RESULTADOS: a carga microbiana foi recuperada em 47,4% dos trocartes analisados. Destes, 45,6% apresentou crescimento de 1 a 100 unidades formadoras de colônias. Foram identificados 14 tipos de micro-organismos, dentre os quais, Staphylococcus coagulase negativo (28%) e Bacillus sp (21%) foram isolados com maior frequência. Identificou-se também Aeromonas hydrophila, Alcaligenes sp, Candida parapsilosis e enterobactérias.

CONCLUSÕES: o estudo demonstrou que o desafio microbiano enfrentado pelos operadores responsáveis pela limpeza e esterilização dos trocartes é baixo quando comparado com o desafio imposto pelos indicadores biológicos; no entanto, não se pode inferir que os riscos de complicações infecciosas sejam mínimos para pacientes.

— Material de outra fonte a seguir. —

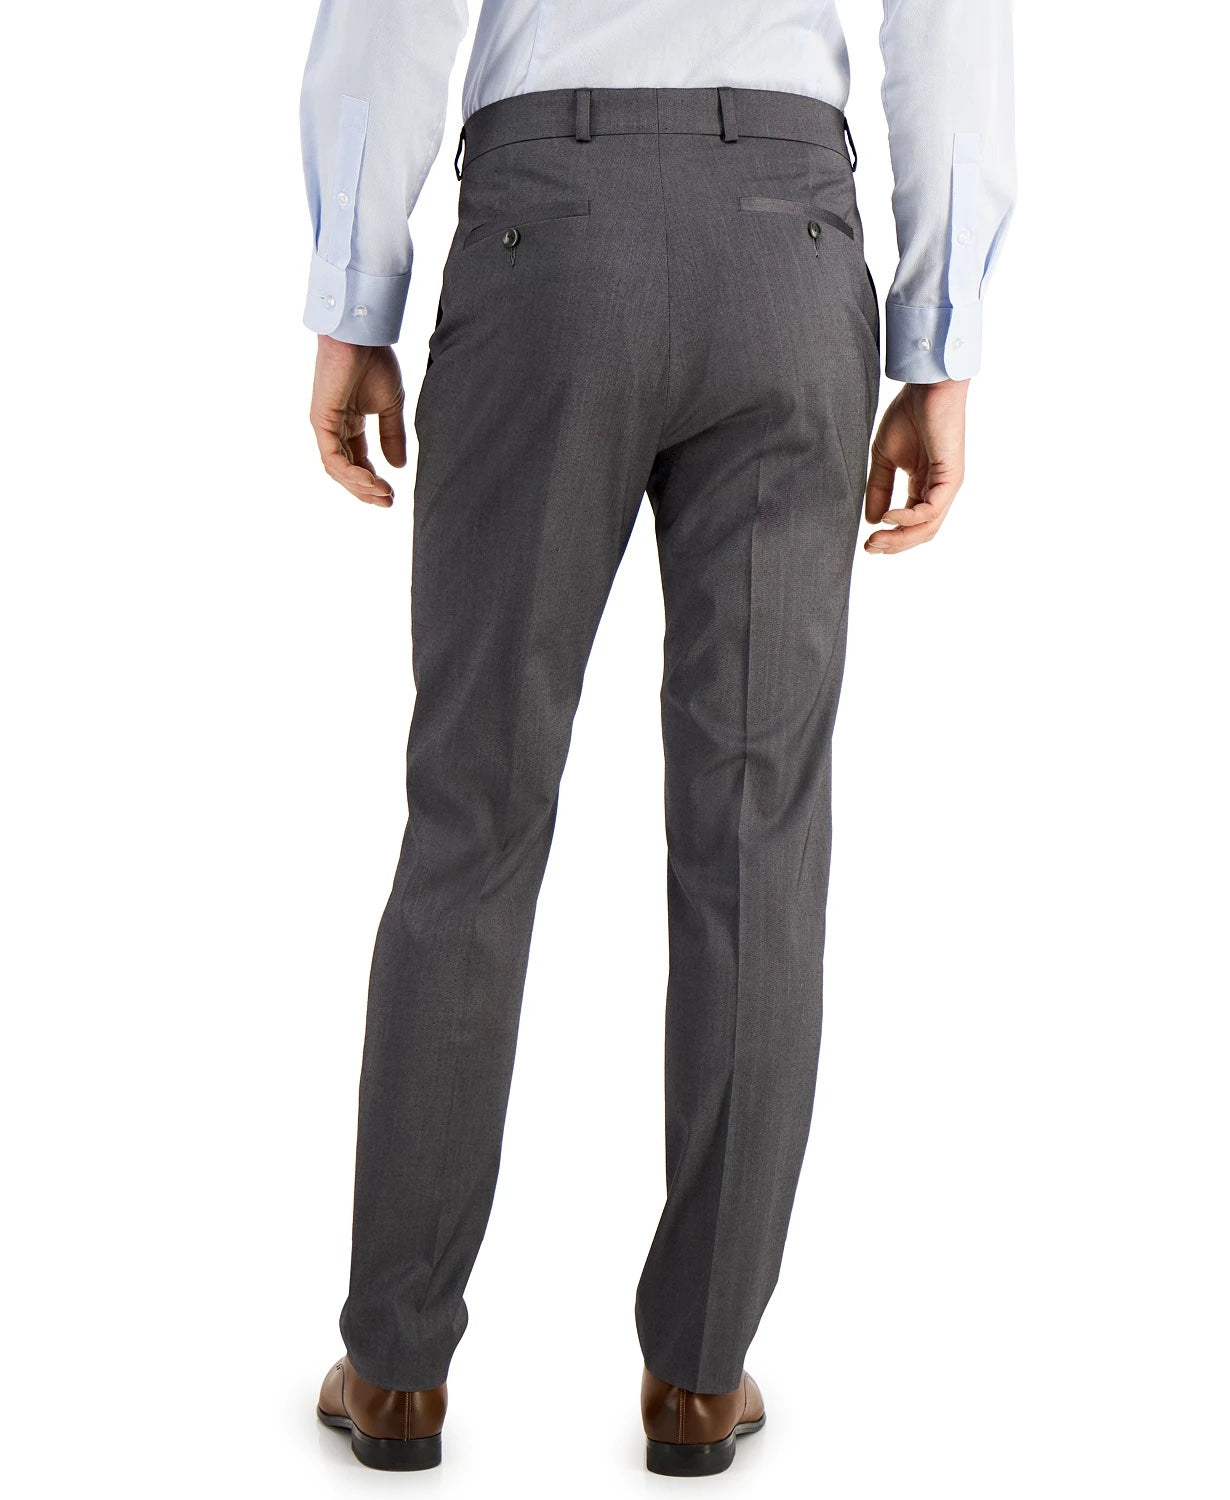 Kenneth Cole Reaction Mens Dress Pants 32 x 34 Grey Silver Techni-Cole Slim-Fit

Palavras-chave: Laparoscopia; Contagem de colônia microbiana; Instrumentos cirúrgicos; Trocarte; Infecção hospitalar

ABSTRACT

PURPOSE: to identify the microbial charge present in reusable trocars used in gynecological laparoscopies.

METHODS: a descriptive exploratory study. An amount of 57 trocars, 30 with 10 mm of diameter and 27 with 5 mm, have been collected from the surgical unit, immediately after the surgery and placed in a sterilized recipient, in which 250 mL of sterile distilled water was added. Then, the trocars were agitated for the drainage of particles and to obtain a wash-out fluid to be analyzed. After being filtered through 0.22 µm cellulose membrane, the residue was placed on blood agar plates with a sterilized forceps. Following incubation, microbiological analysis has been done to count the number of colonies and further identify the microorganisms, using standard laboratorial techniques.

RESULTS: microbial charge was recovered from 47.4% of the trocars analyzed. Among those, 45.6% presented 1 to 100 growing colonies. Fourteen types of microorganisms have been identified, among which the more frequently isolated were coagulase-negative Staphylococcus (28%) and Bacillus sp (21%), Aeromonas hydrophila, Alcaligenes sp, Candida parapsilosis, and enterobacteries were also identified.

CONCLUSIONS: the study has demonstrated that the microbial challenge faced by the technician responsible for the cleaning and sterilization of trocars is low, as compared to the challenge imposed by biological markers. Nevertheless, it may be not inferred that the risks for infectious complications for patients are minimal.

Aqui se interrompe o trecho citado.